ENCODE

ENCODE (composed of Engl. Encyclopedia of DNA Elements, Encyclopedia of DNA Elements ) is a research project, which was initiated in September 2003 by the U.S. National Human Genome Research Institute ( NHGRI ). The project aims to identify all functional elements in the human genome and the transcriptome and characterize. ENCODE is thus the follow-up project of the Human Genome Project, which had the sequencing of the human genome to the target and which is closed since 2003. Another goal of ENCODE is the development and implementation of high-throughput methods for the identification of functional elements.

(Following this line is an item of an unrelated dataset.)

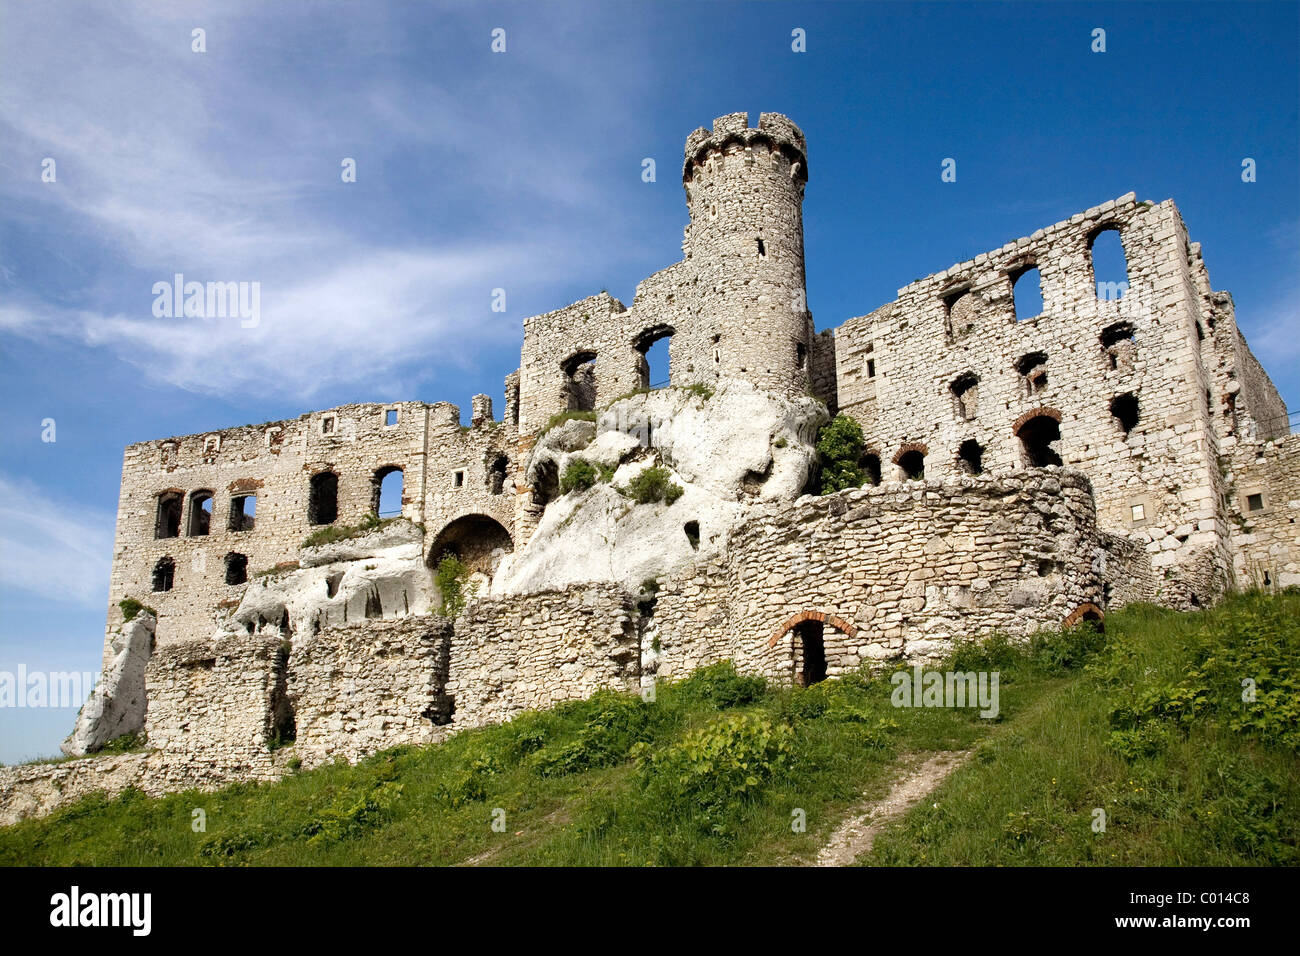 Dans les ruines du château d'Ogrodzieniec, Pologne, Europe Banque D'Images

Will be conducted by an ENCODE research consortium, which includes the total of about 30 working groups at various institutes. The project will be executed in three phases: a pilot phase, which has the goal of 1% to analyze (30 megabases ) of the genome and to evaluate the methods of investigation, a technological phase in which increases the data throughput and the cost of acquiring the data be reduced intended and a production phase, in which the remaining 99 % of the genome to be analyzed. All data that are generated in the course of the ENCODE project are placed in a publicly accessible database available to the public. As a first result ENCODE 2007 was able to confirm that about half of all produced RNAs of a cell are neither mRNA nor ribosomal RNA, or other RNA end products, but other RNAs, where it is not known whether and which fill this function.

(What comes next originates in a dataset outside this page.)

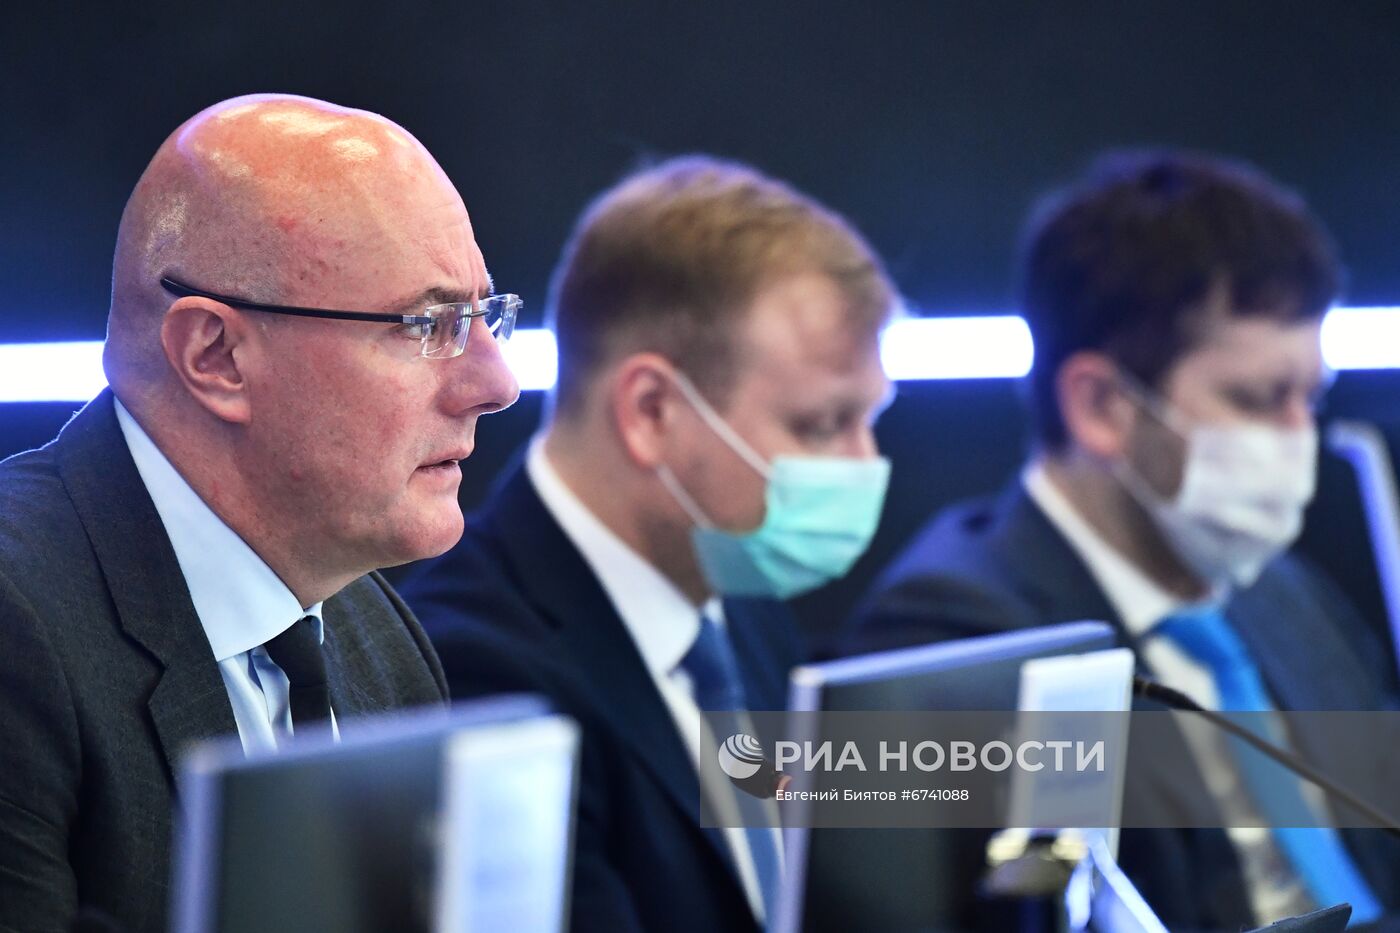 Вице-премьер правительства РФ Д. Чернышенко провел совещание по вопросу работы единой службы 122

The results of ENCODE are controversial methodological errors that have been raised and inconsistencies with evolutionary ideas to exist.

Pilot phase

In the pilot phase first 30 megabase DNA sequence of the human genome were selected, which comprises about 1%, and analyzed using established methods. 50 % of this sample were selected purposefully and 50 % random. It was the transcriptome that is, all transcribed sequences mapped, as well as the transcription start points, promoters, enhancers, repressors or silencers, exons, Origins of replication, Replikationsterminationssites, binding sites of transcription factors, methylation sites, DNase I- hypersensitive regions, chromatin and regions that are highly conserved are, but so far have no known function were identified. Genetic variations within these highly conserved regions are documented. The methods used include not only sequencing, microarrays, chromatin immunoprecipitation (ChIP ) and quantitative PCR.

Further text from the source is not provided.